22Ceci implique que, de la difficulté de se nourrir, résulte un frein puissant, agissant constamment sur la population. Cette difficulté existe forcément quelque part, et doit nécessairement être cruellement ressentie par une grande partie de l’humanité.
23Dans les règnes animal et végétal, la nature a répandu les semences de la vie d’une main extrêmement généreuse et libérale. Elle a été comparativement plus chiche de l’espace et de la nourriture nécessaires à leur croissance. Avec de la nourriture à profusion, et de la place en abondance pour s’y propager, les germes de vie contenus dans un petit coin de terre rempliraient des millions de mondes en l’espace de quelques milliers d’années. La nécessité, cette loi impérieuse de la nature qui régit tout, les retient dans les limites prescrites. La race des plantes et la race des animaux se plient à cette grande loi de restriction. Et la race de l’homme ne peut y échapper par aucun effort de sa raison. Chez les plantes et les animaux, ses effets sont le gaspillage des germes, la maladie et la mort prématurée ; chez l’homme, la misère4 et le vice. Le premier, la misère, est une conséquence absolument inéluctable de cette loi. Le vice en est une conséquence hautement probable, aussi le voyons-nous abondamment répandu ; mais on ne doit apparemment pas le considérer comme une conséquence absolument inéluctable. L’épreuve de la vertu consiste à résister à toute tentation du mal.
24Cette inégalité naturelle entre le pouvoir de multiplication de la population et le pouvoir de production de la terre, et cette importante loi de notre nature qui maintient constamment leurs effets en équilibre, constituent le grand obstacle, qui me paraît insurmontable, sur le chemin de la perfectibilité de la société. Tout autre argument n’a qu’une faible et secondaire importance en regard de celui-ci. Je ne vois aucun moyen par lequel l’homme puisse échapper au poids de cette loi qui s’impose à toute la nature vivante. Aucune utopie égalitaire, aucun code agrarien, même poussés à l’extrême, ne pourraient en écarter le joug, ne fût-ce que pour un siècle. Et cette loi semble donc s’opposer de manière décisive à l’éventualité d’une société dont tous les membres vivraient dans l’aisance, le bonheur et le loisir correspondant, sans éprouver la moindre angoisse pour assurer leur subsistance et celle de leurs familles.
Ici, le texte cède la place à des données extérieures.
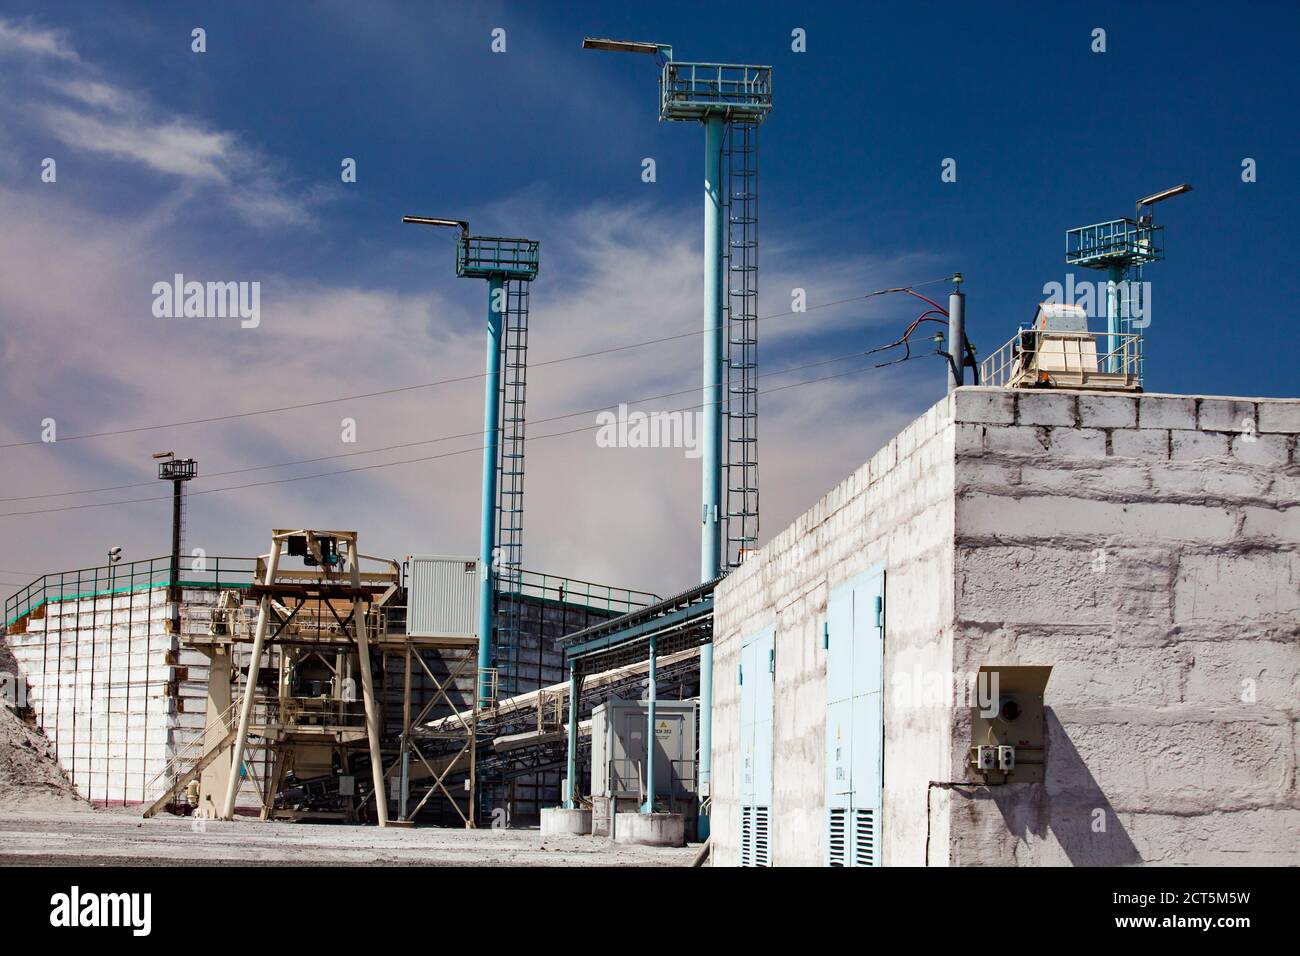 Aksu/Kasachstan - Mai 29 2012: Hüttenwerk Aksu. Moderne Schlacke Bearbeitungsmaschine. Blauer Himmel und Wolken.V Stockfoto
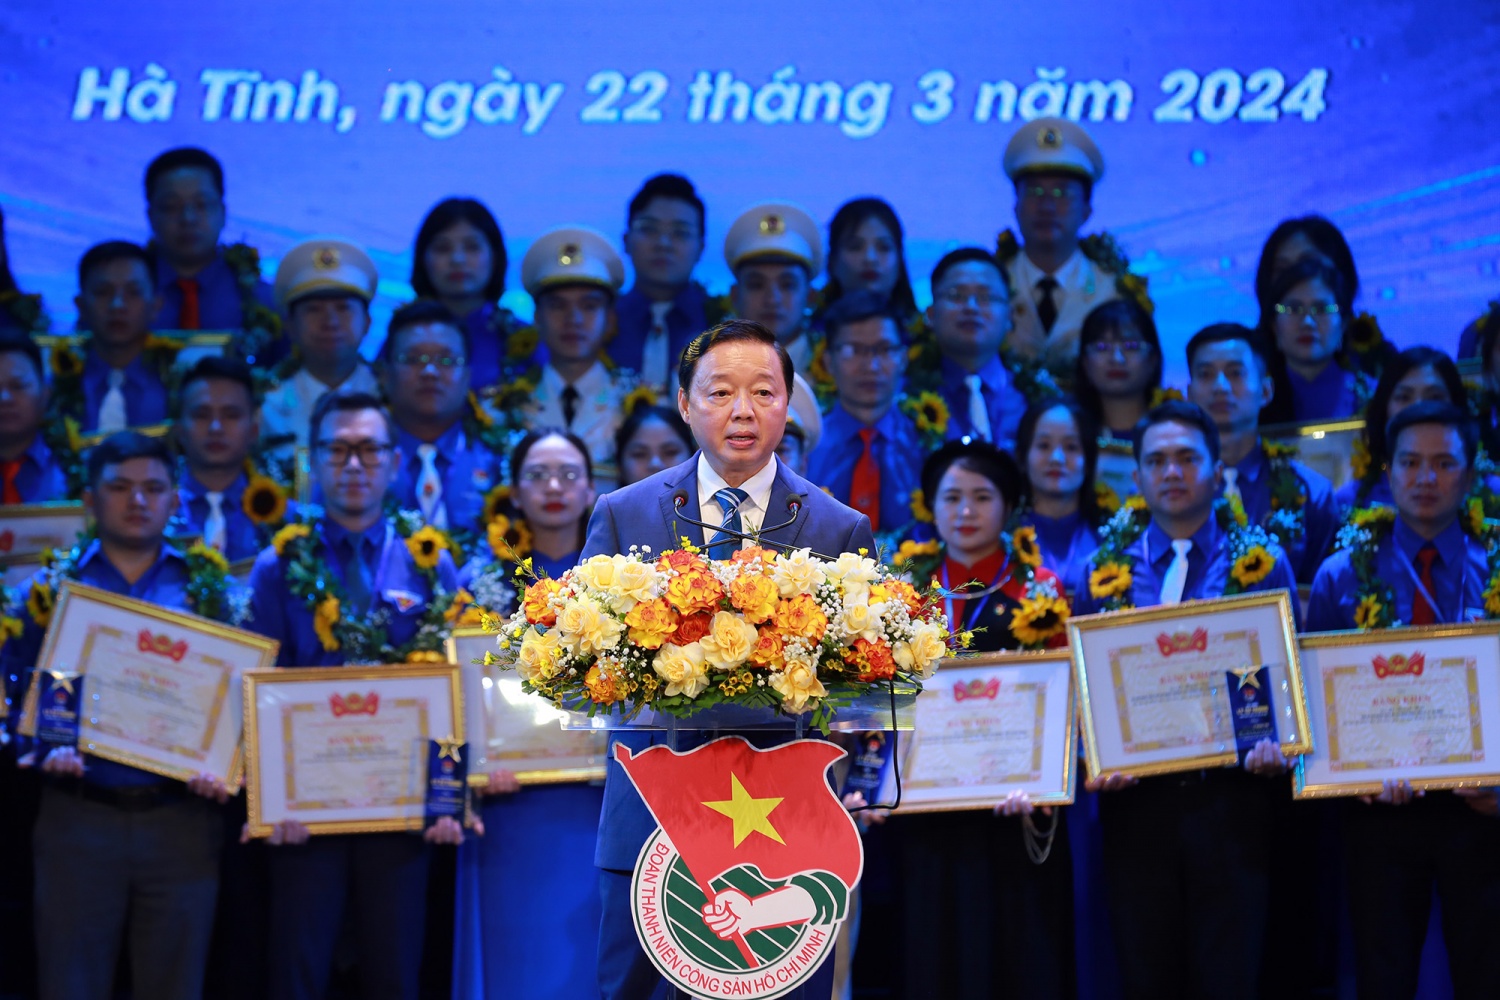 Phó Thủ tướng Trần Hồng Hà: Đoàn Thanh niên tiếp tục đổi mới phương thức tổ chức, hoạt động sinh động, gắn bó chặt chẽ với những vấn đề thực tiễn của đời sống; tránh phong trào, hình thức, hành chính hóa - Ảnh: VGP/Minh Khôi

25En conséquence, si les prémisses sont justes, le raisonnement aboutit à réfuter la perfectibilité de la masse de l’humanité.
26J’ai ainsi esquissé les grandes lignes de ma thèse ; mais je vais l’examiner plus en détail ; et, à mon avis, il s’avérera que l’expérience, vraie source et fondement de toute connaissance, en confirmera immanquablement la vérité.
Notes de bas de page
1 Speculative philosophers.
2 The power of population. Une traduction plus proche des mots mêmes de Malthus pourrait être : « la puissance de peuplement ». Le terme power, fréquent dans cet ouvrage, a en effet, sous la plume de Malthus, un sens proche de l’acception mathématique du mot « puissance ». Quant à population, l’auteur lui donne très souvent – pas toujours – un sens dynamique : l’action de peupler, le fait de croître en nombre. C’est pour éviter le flou ou l’ambiguïté là où, justement, Malthus est très clair, que nous avons recours à des expressions telles que « pouvoir multiplicateur » ou « accroissement de la population » [NdT].
3 Au terme « obstacle », traditionnellement utilisé pour rendre le concept malthusien de check, nous préférons celui de « frein », qui nous semble plus fidèle à la pensée de l’auteur : il s’agit de freiner – de refréner – la tendance excessive de la population à s’accroître, pour ramener cet accroissement à un rythme plus modéré [NdT].
4 Cette notion déborde, chez Malthus, son acception strictement économique [NdT].